BEGIN

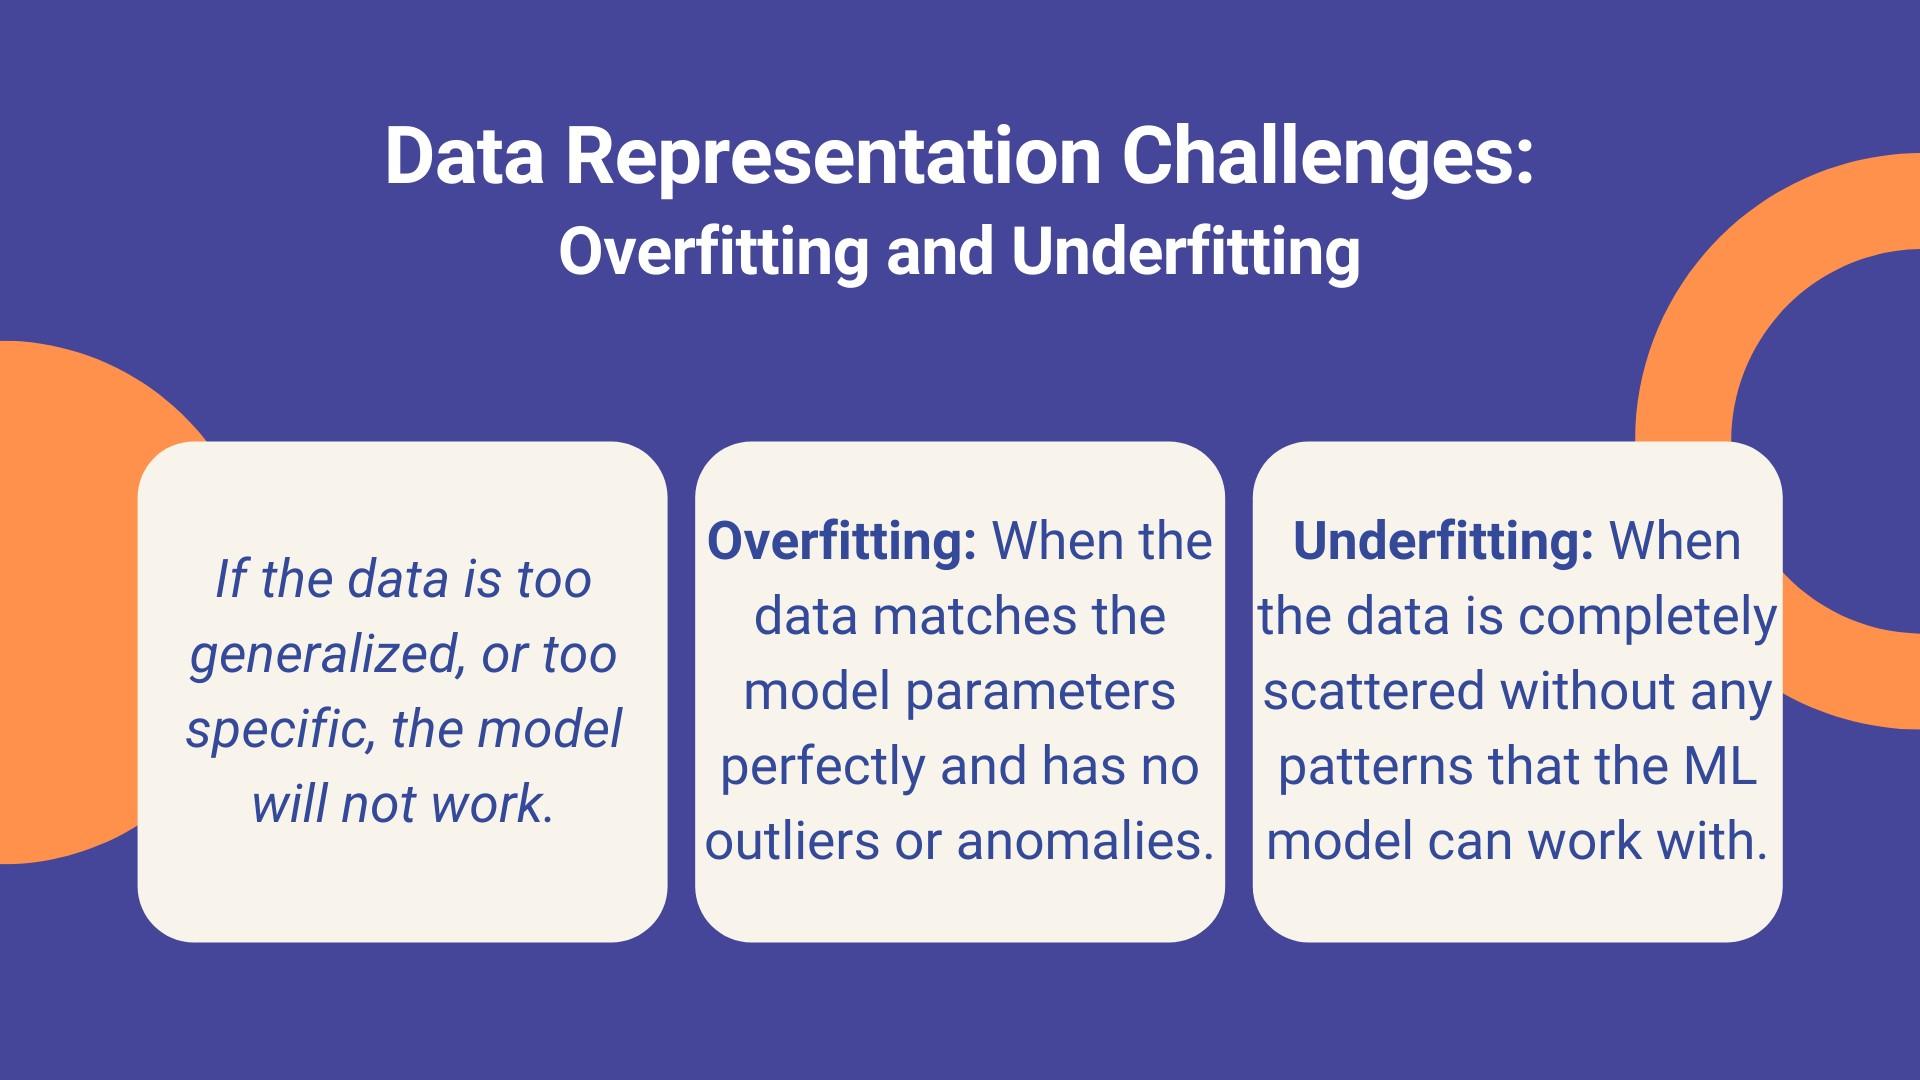 Data Representation Challenges
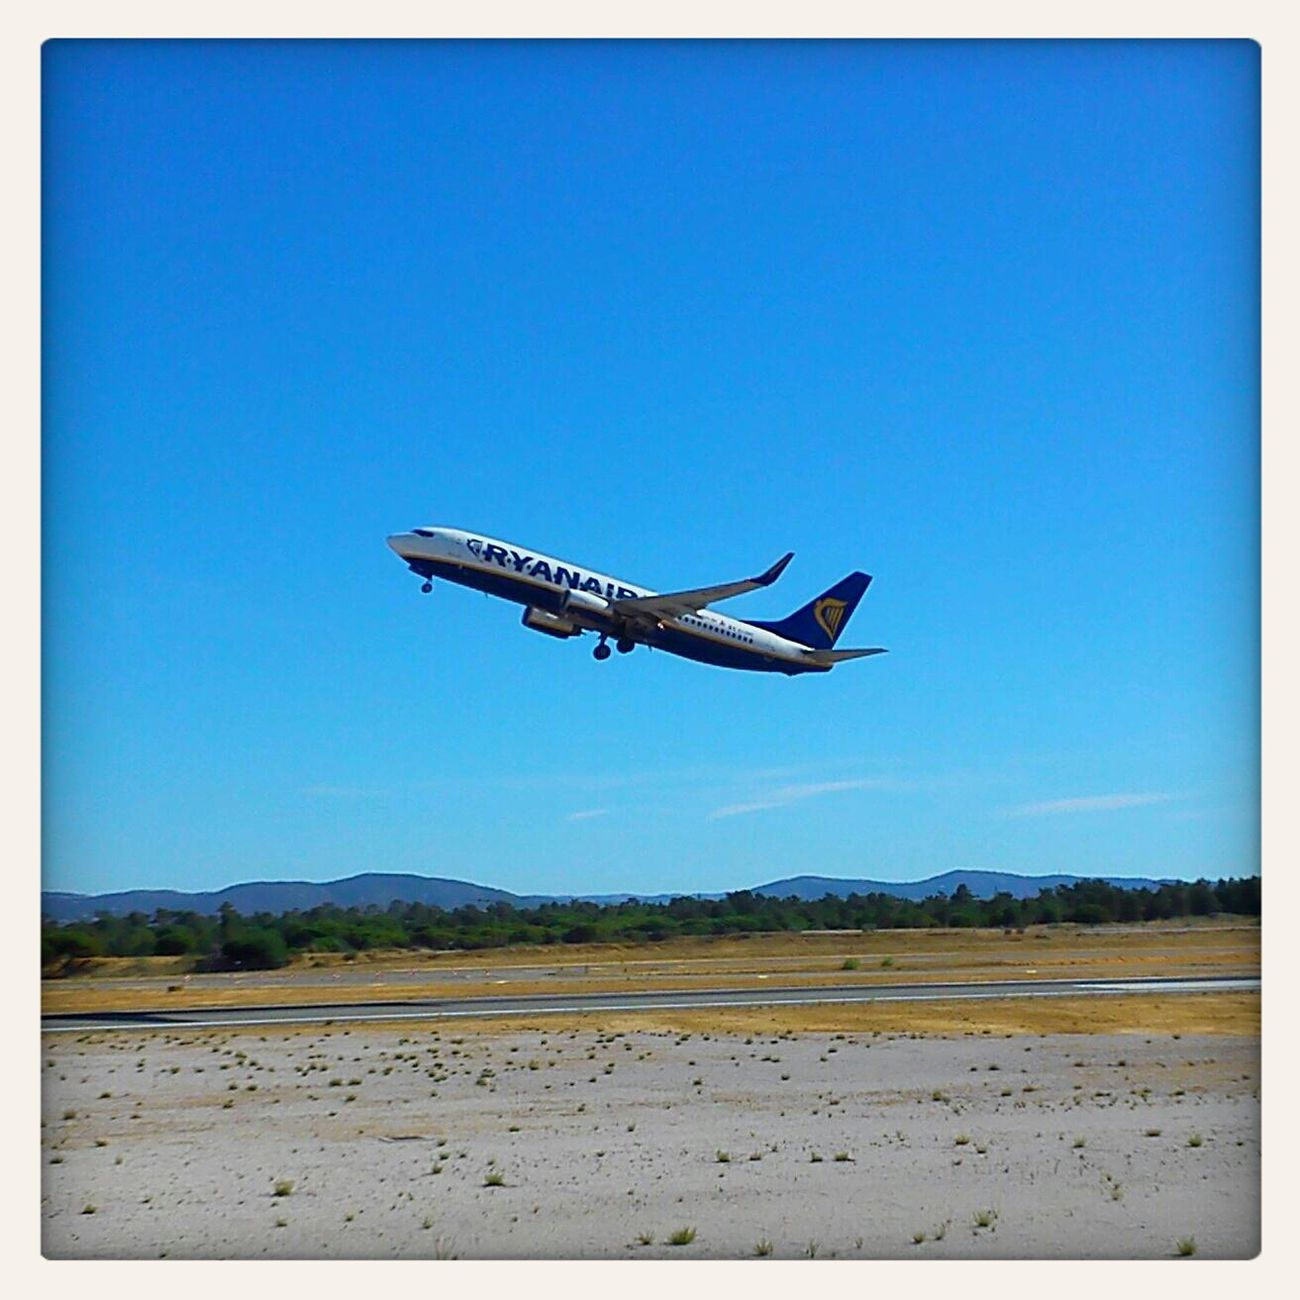 Ryanair - Airport Faro (2013/08/08)
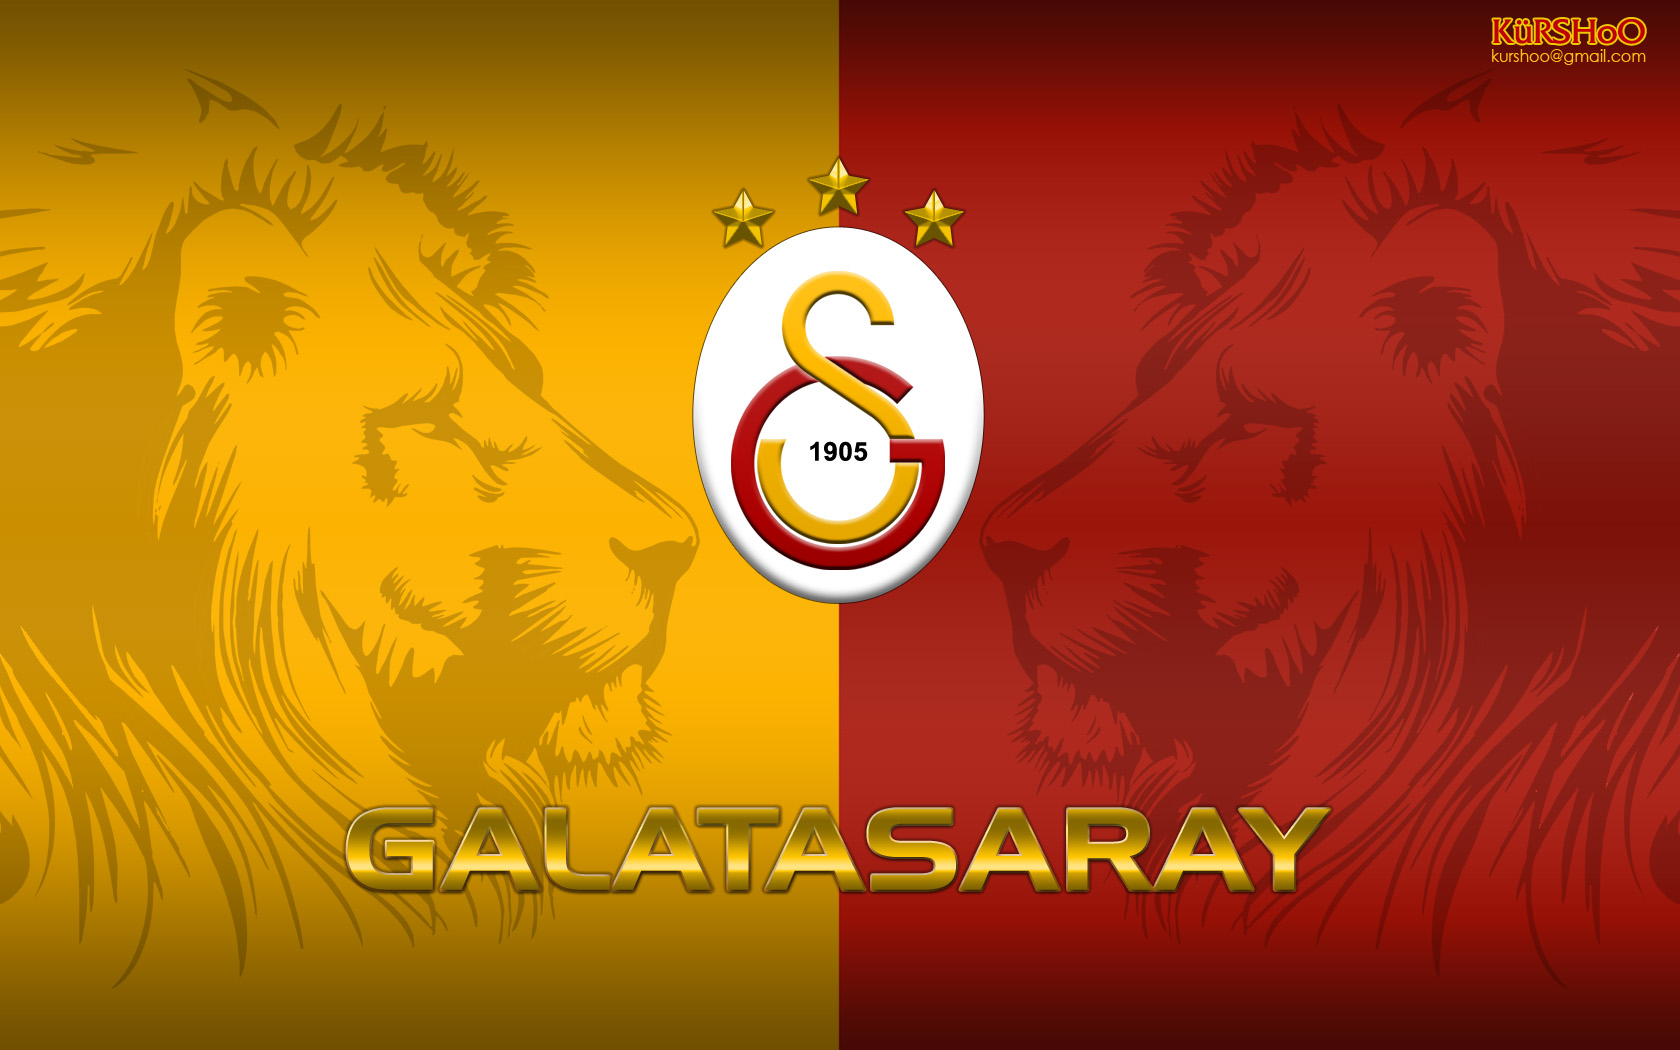 Galatasaray-Wallpaper-HD1
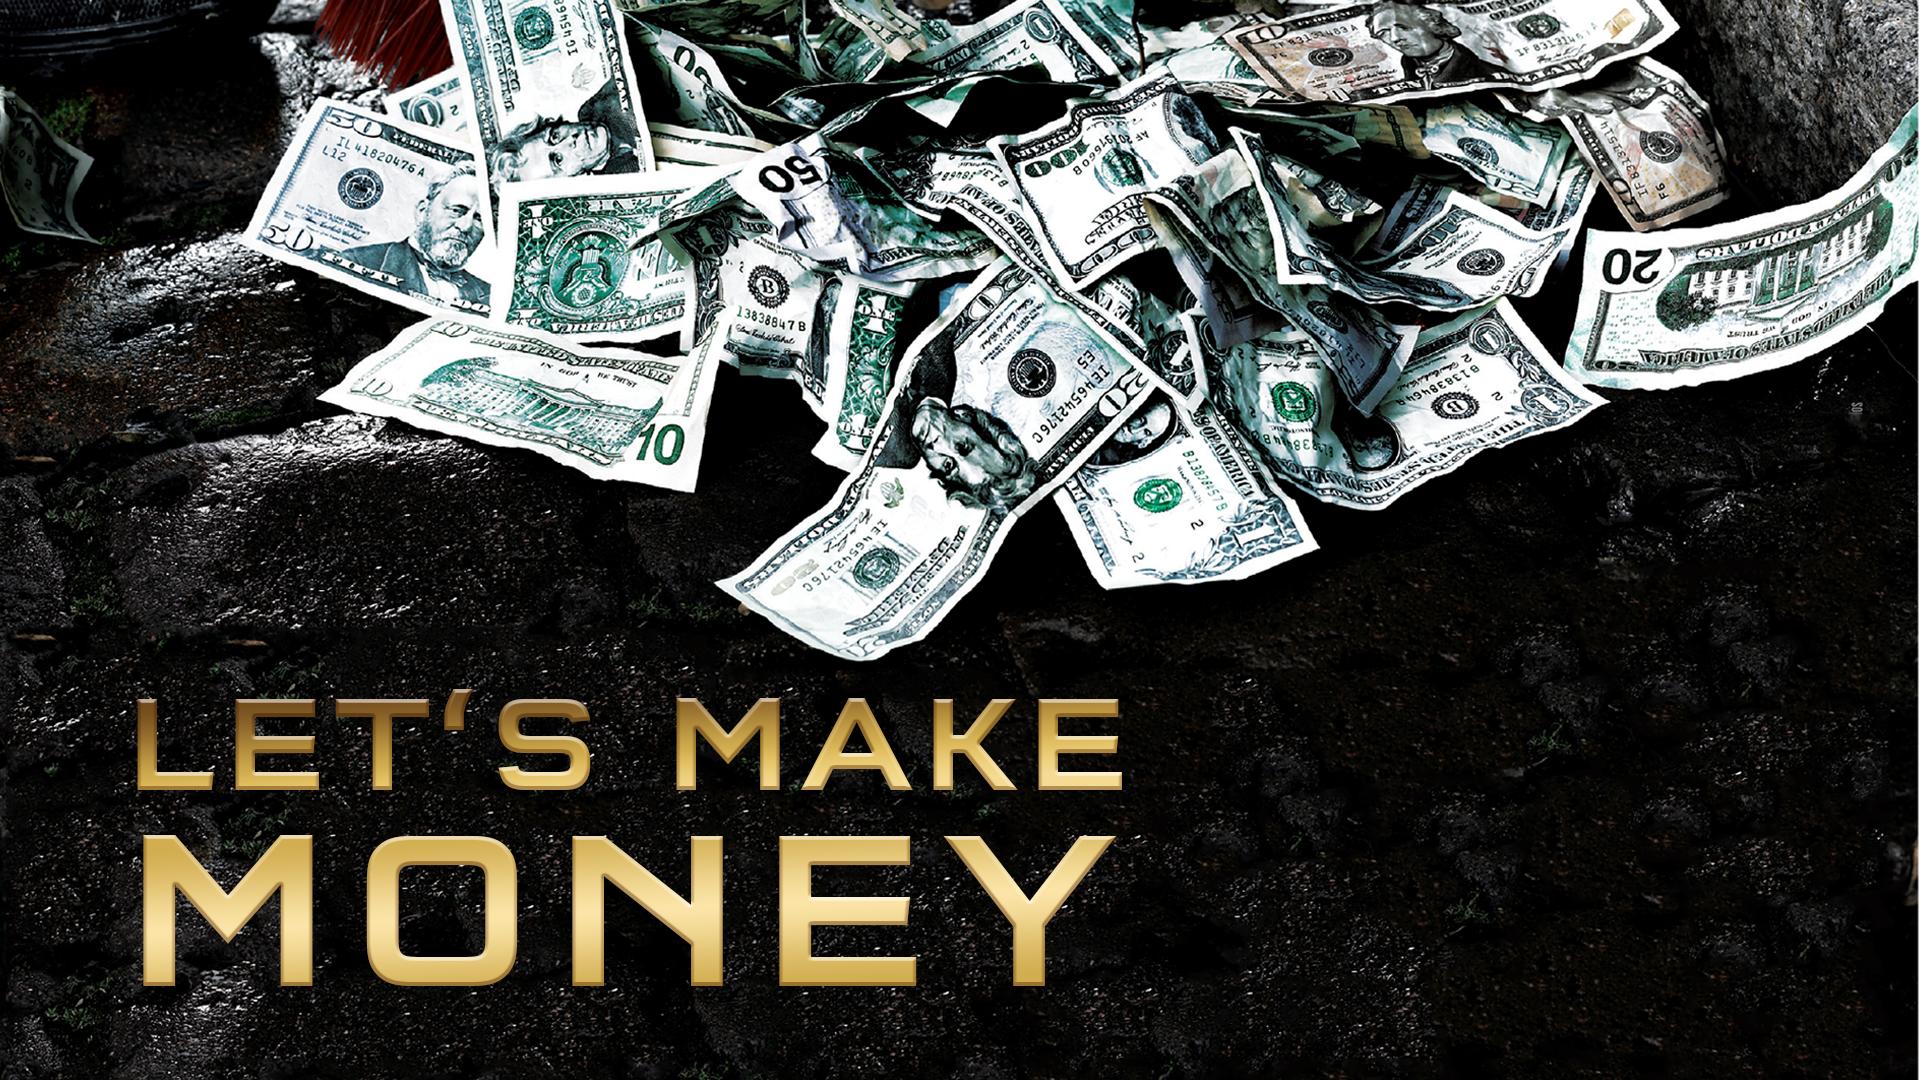 Let´s make money
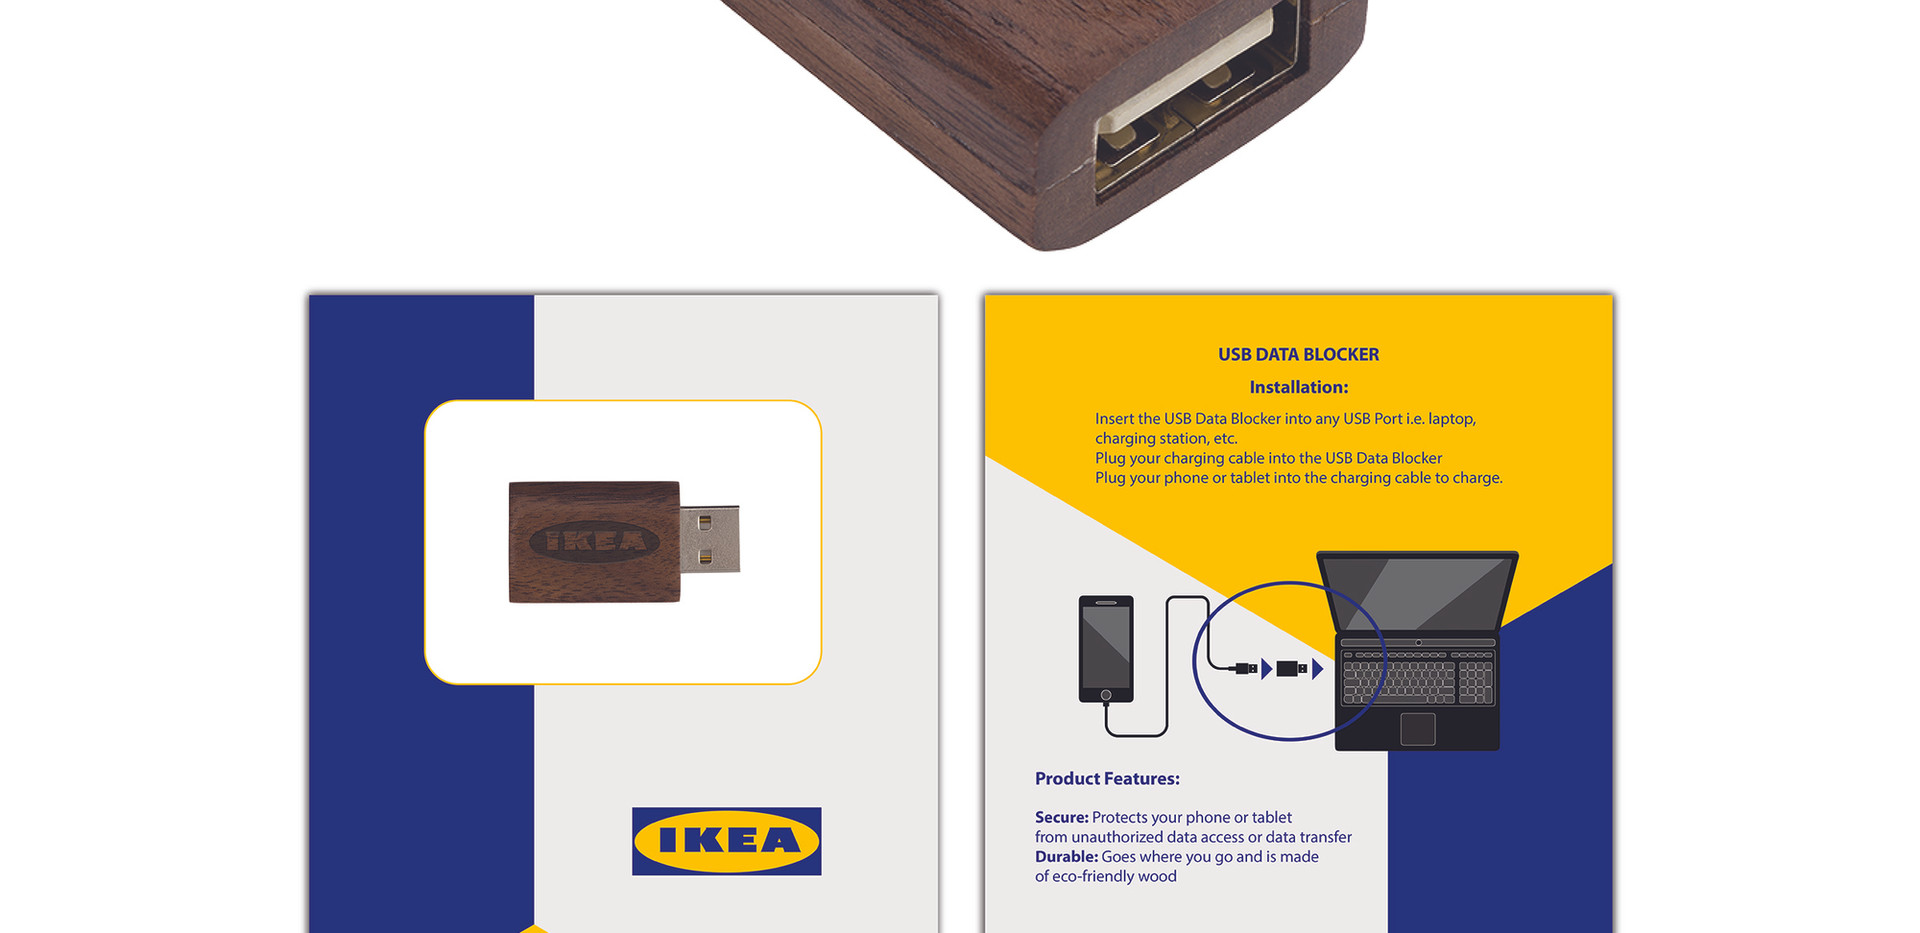 Ikea USDB Walnut Custom Card.jpg

END

▶ TASK STATEMENT
Copy each line above exactly. Images do not belong in the copy.

▶ TASK SOLUTION
 Data Representation Challenges
 Ryanair - Airport Faro (2013/08/08)
 Galatasaray-Wallpaper-HD1
 Let´s make money
 Ikea USDB Walnut Custom Card.jpg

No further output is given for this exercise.